#### Goal of the exercise:
Leave every picture out and return the rest of the listing verbatim.

#### Provided material:
※ ※ ※

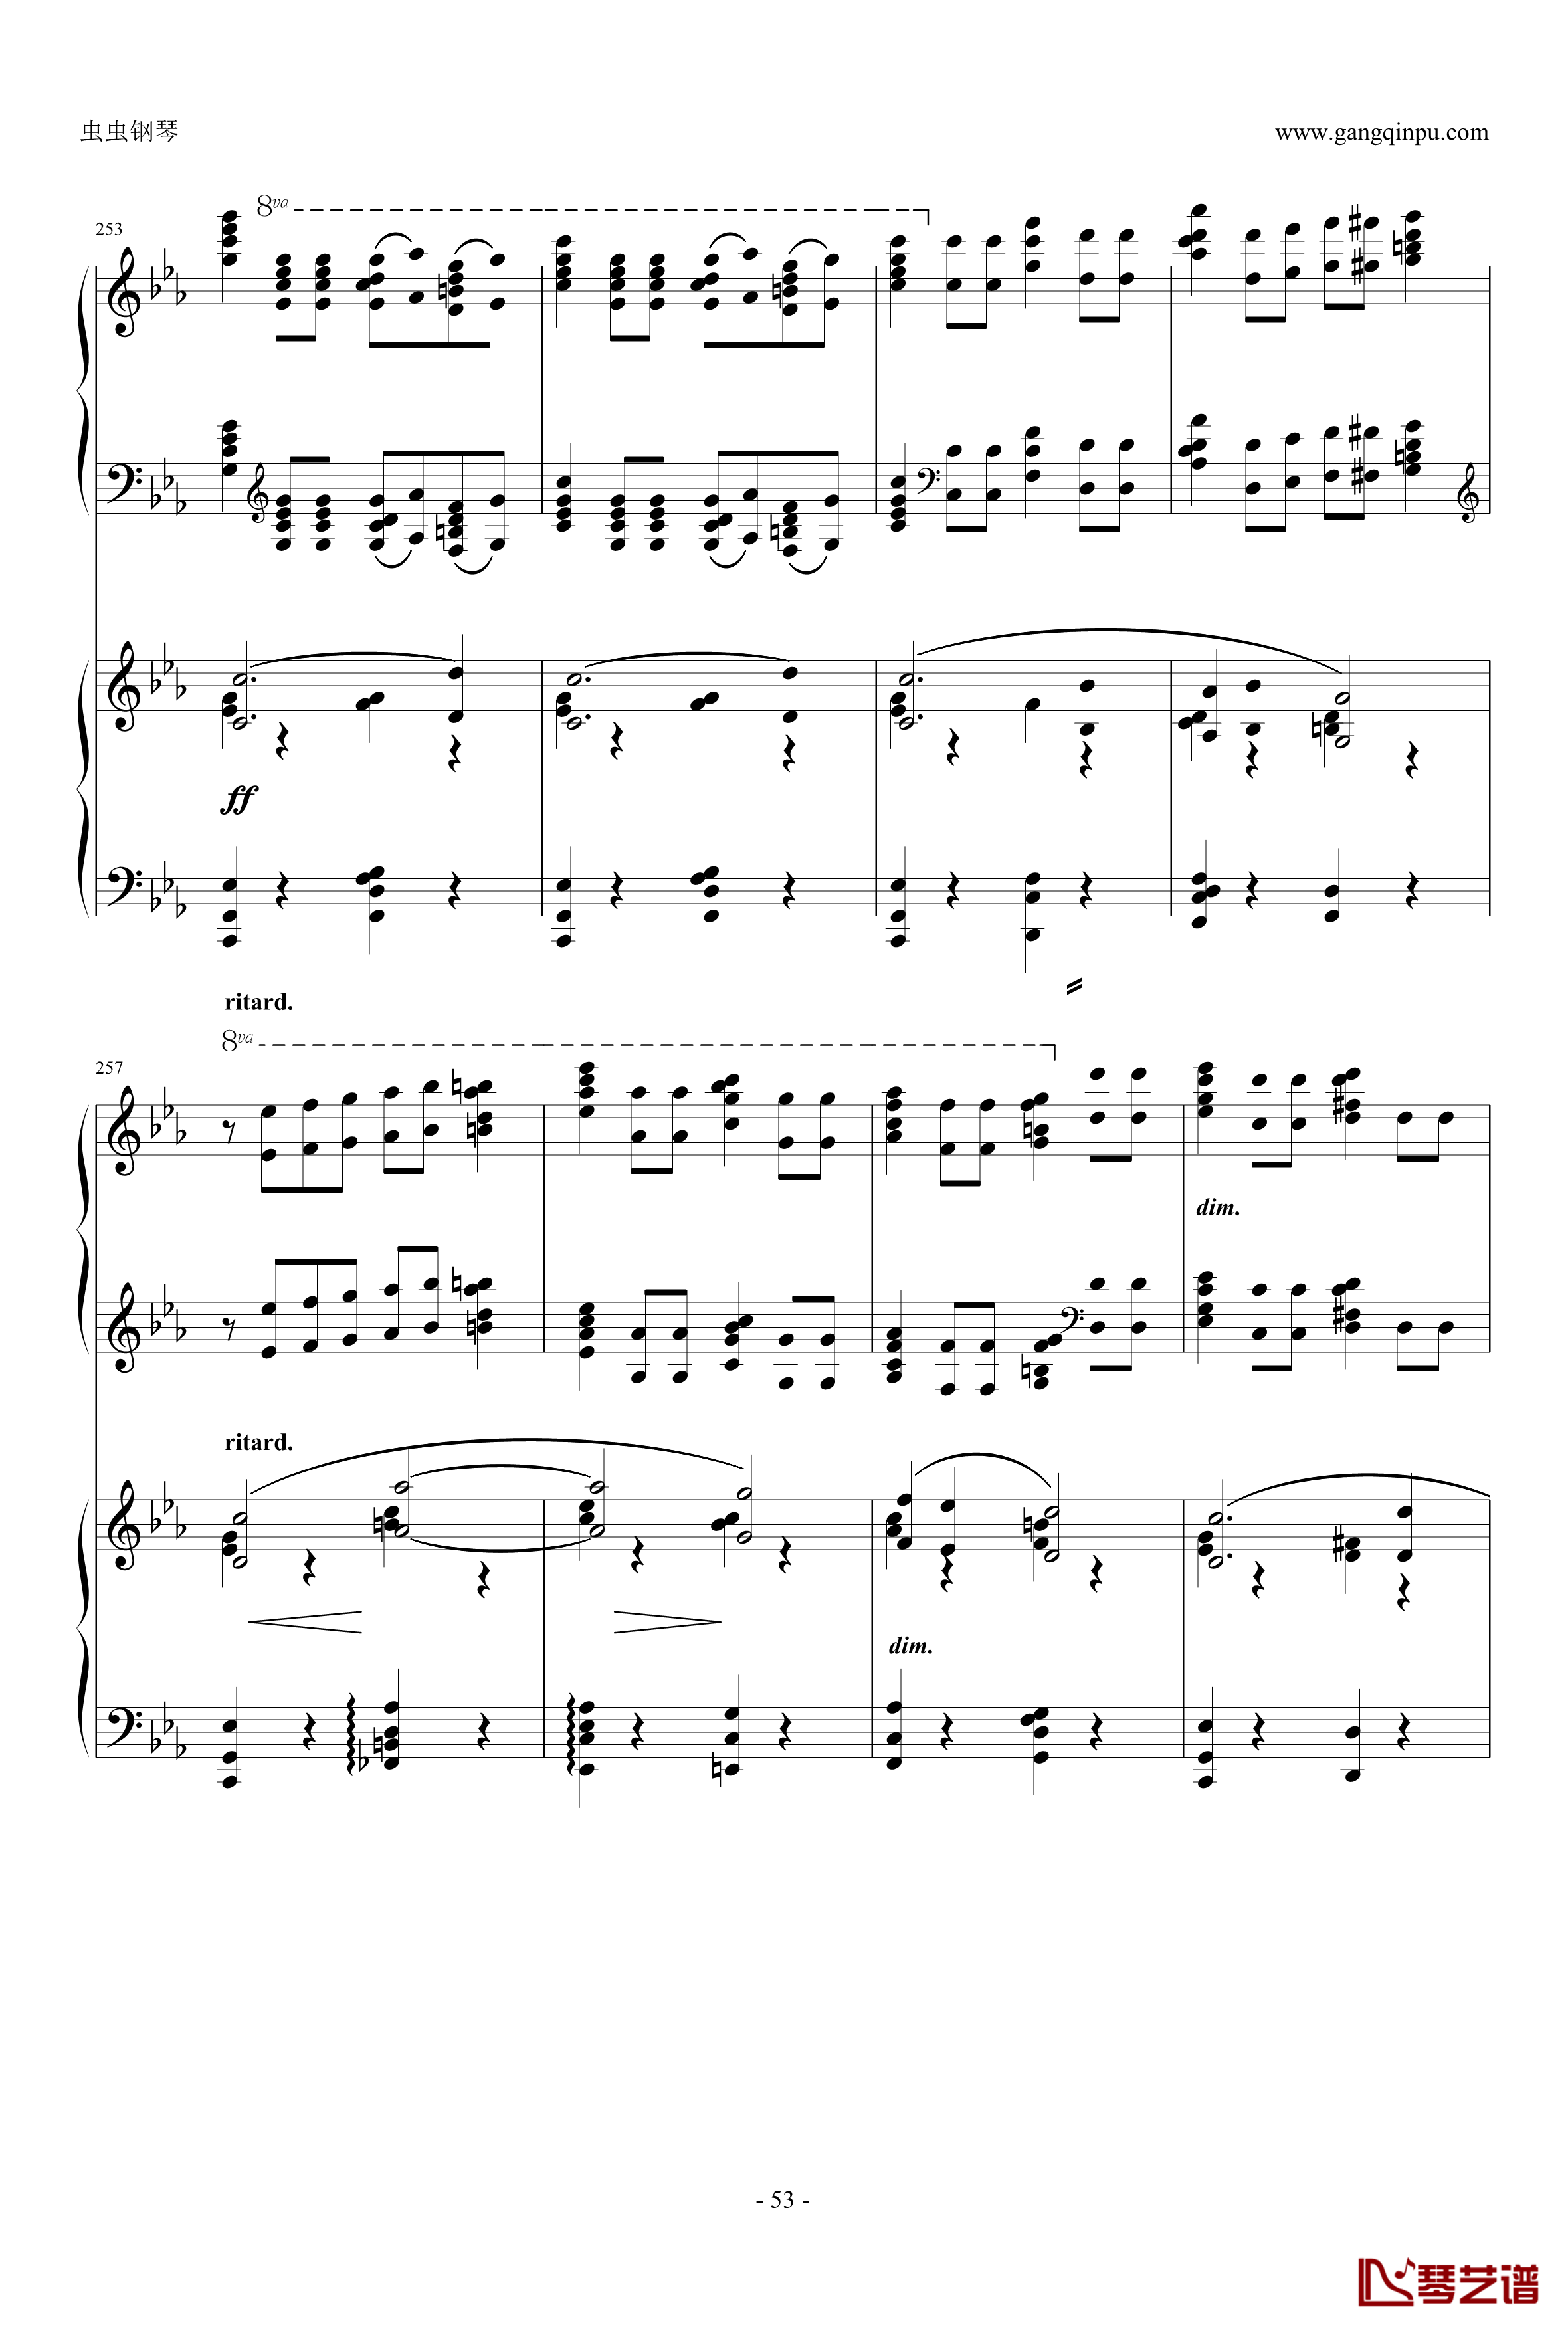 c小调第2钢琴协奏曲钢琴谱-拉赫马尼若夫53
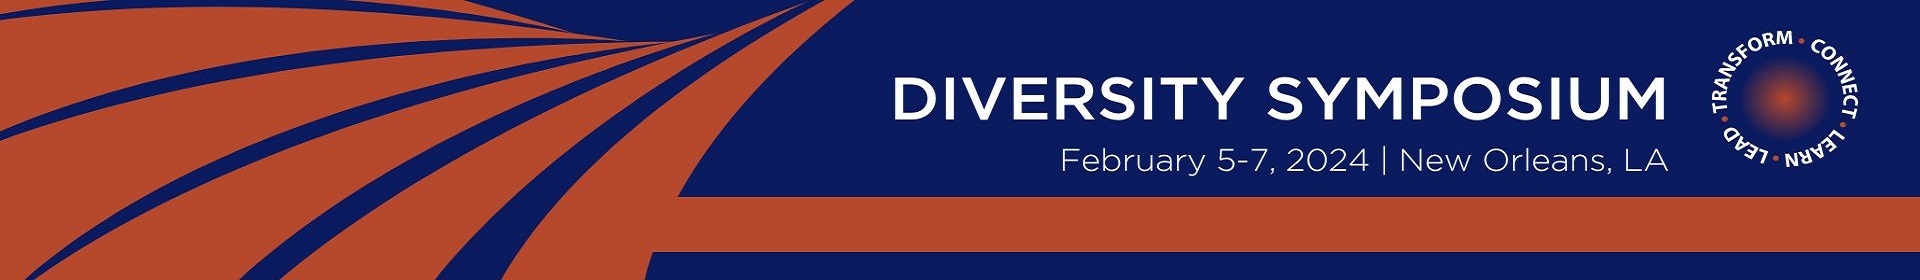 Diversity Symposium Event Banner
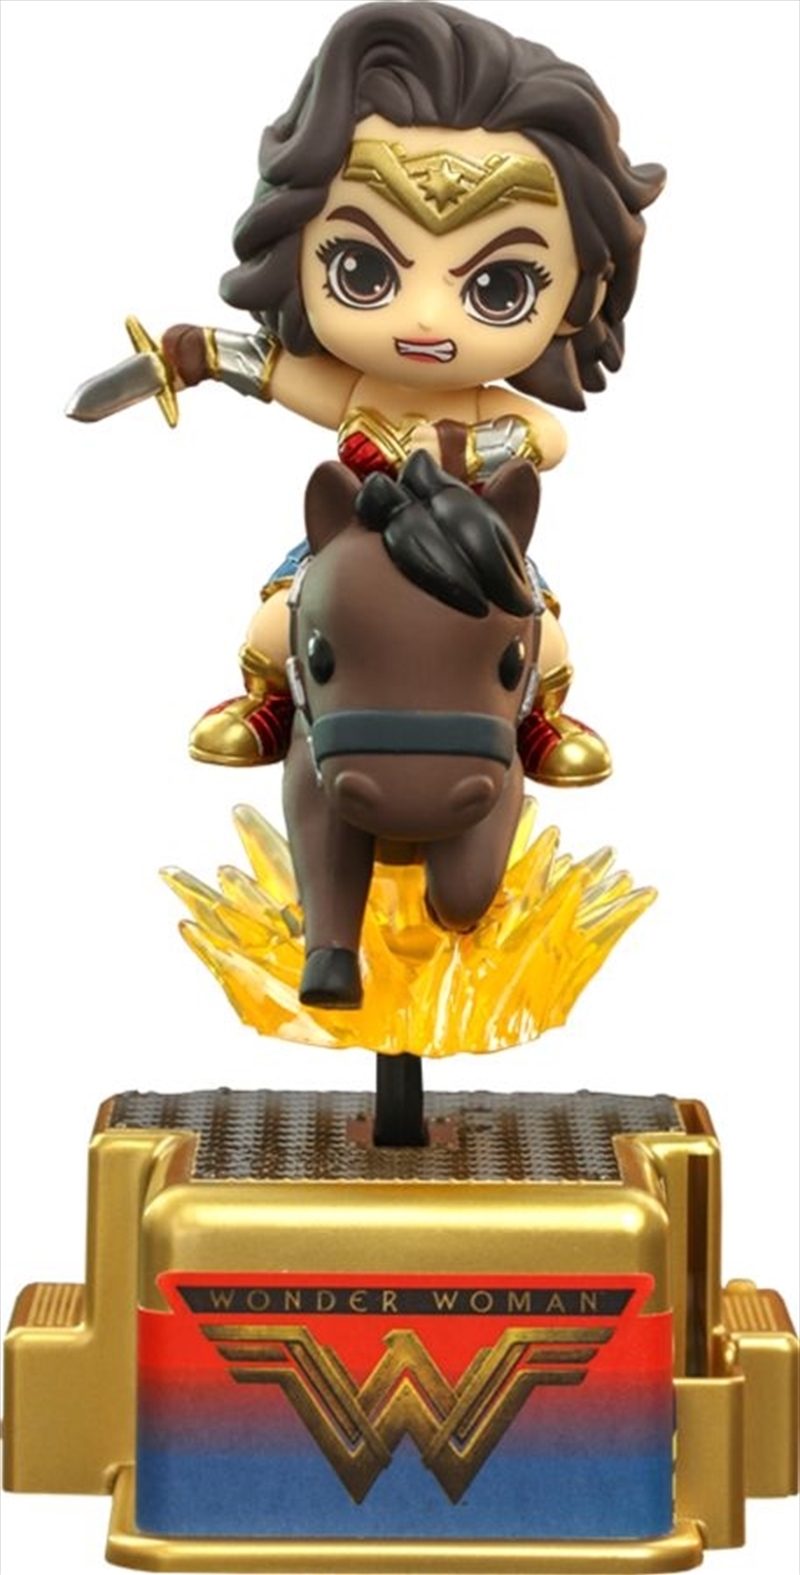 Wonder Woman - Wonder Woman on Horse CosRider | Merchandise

※ ※ ※

#### The answer:
 c小调第2钢琴协奏曲钢琴谱-拉赫马尼若夫53
 Diversity Symposium Event Banner
 Wonder Woman - Wonder Woman on Horse CosRider | Merchandise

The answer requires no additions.